■ Try it
Copy the listing in full and exactly, omitting its images.
[Source data Boundary: Start]
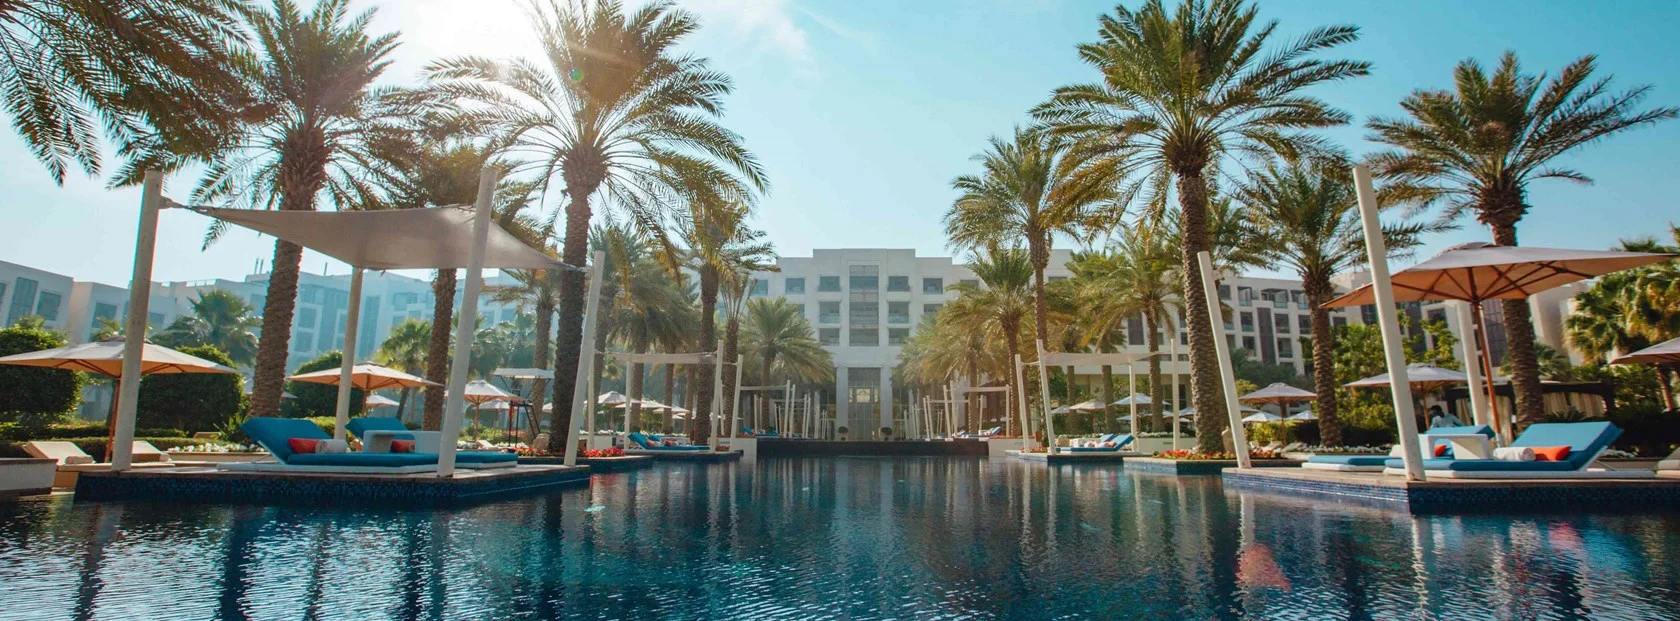 10 of the best staycation destinations in UAE - Park Hyatt Abu Dhabi Hotel and Villas
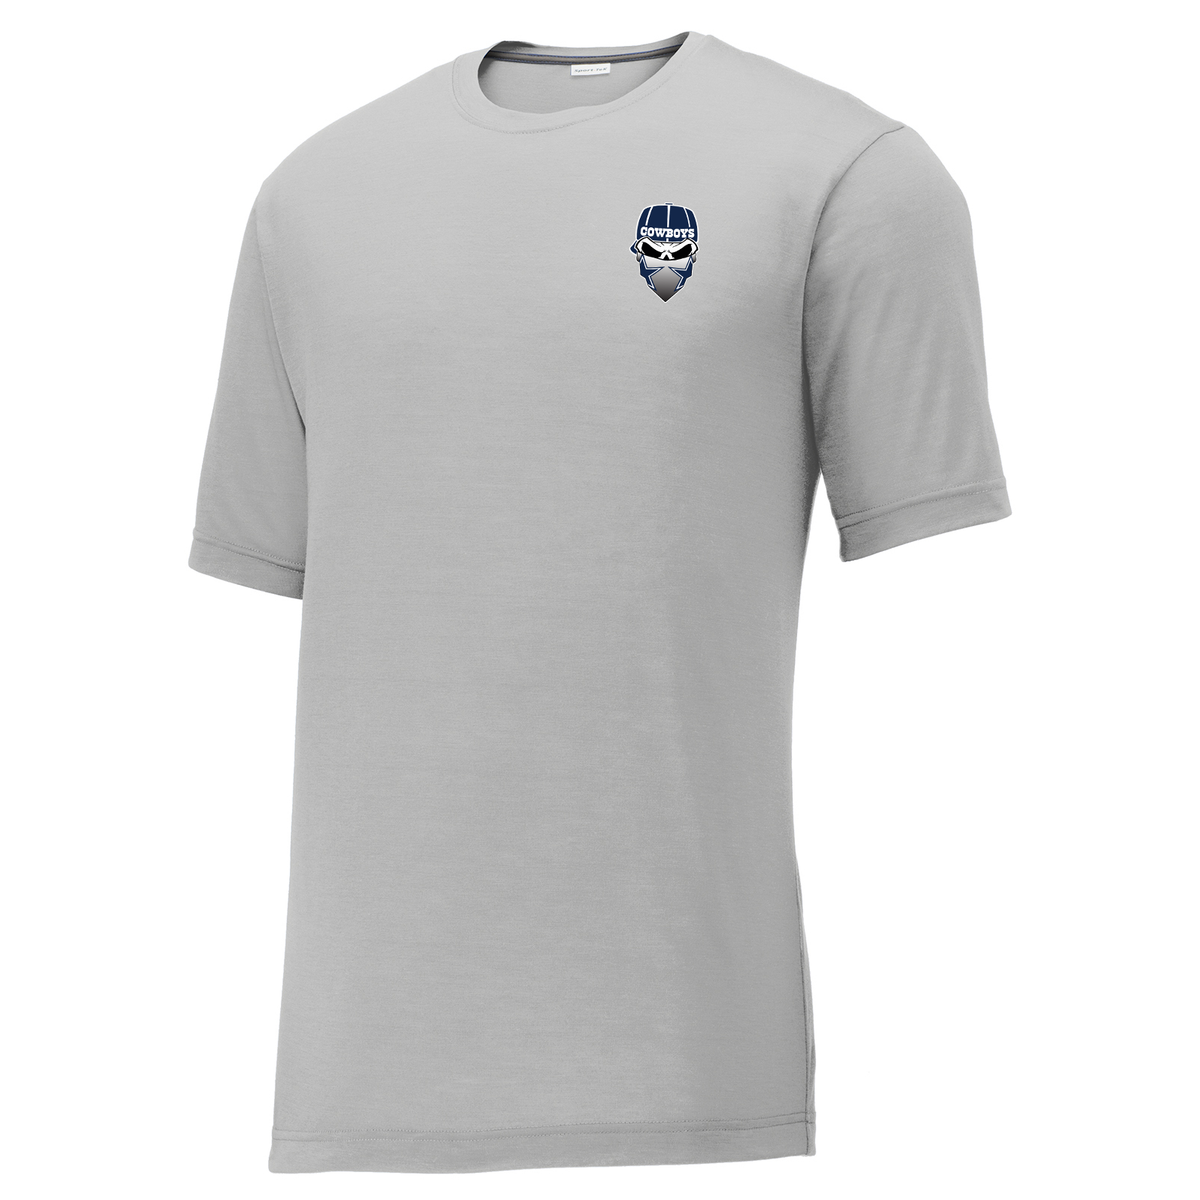 Cowboys Football CottonTouch Performance T-Shirt
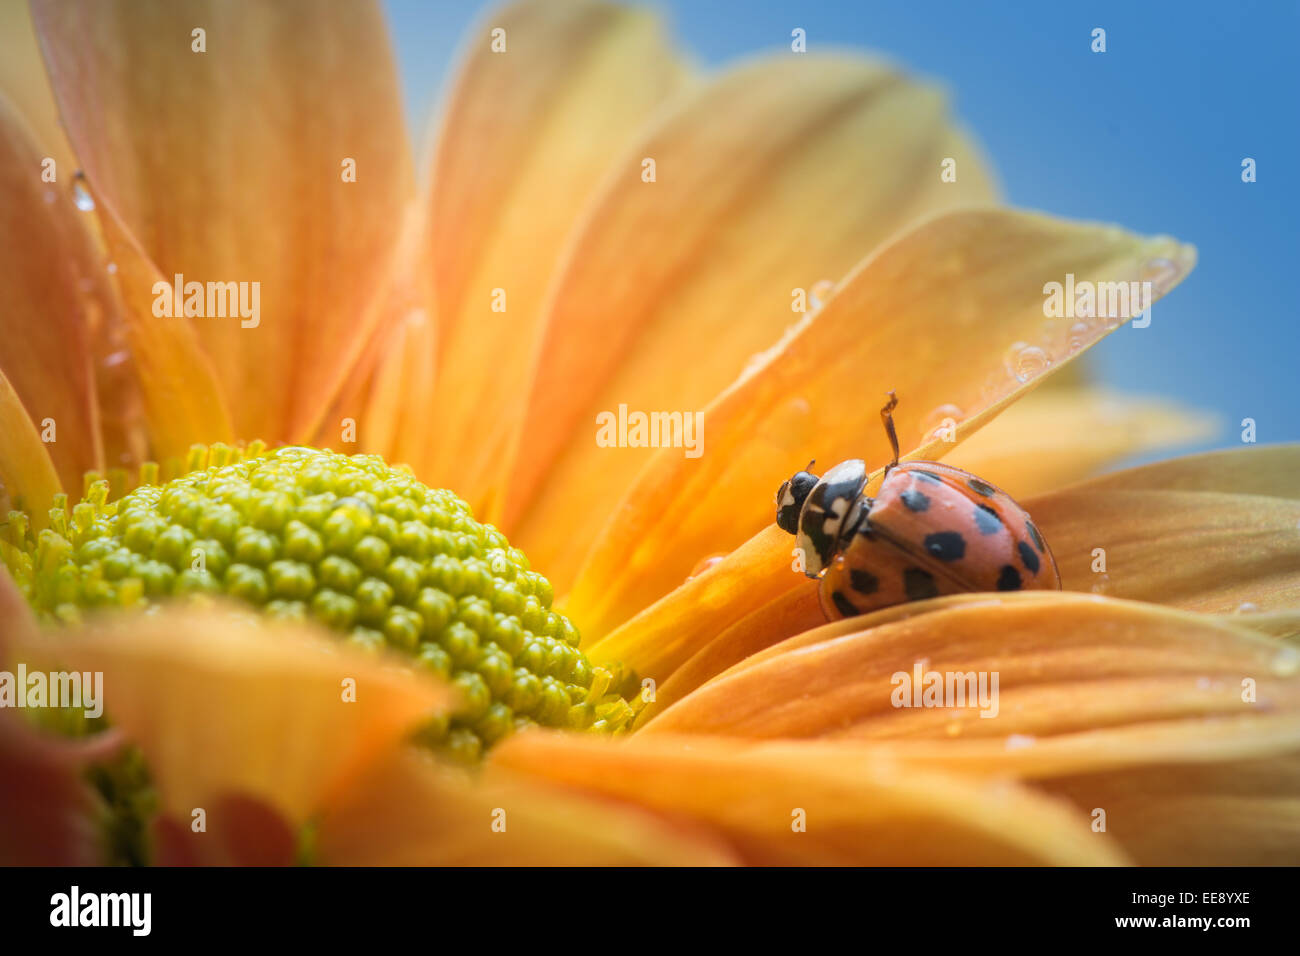 A single ladybug explores a yellow daisy. Stock Photo
[Source data Boundary: End]
■ Result
 10 of the best staycation destinations in UAE - Park Hyatt Abu Dhabi Hotel and Villas
 Cowboys Football CottonTouch Performance T-Shirt
 A single ladybug explores a yellow daisy. Stock Photo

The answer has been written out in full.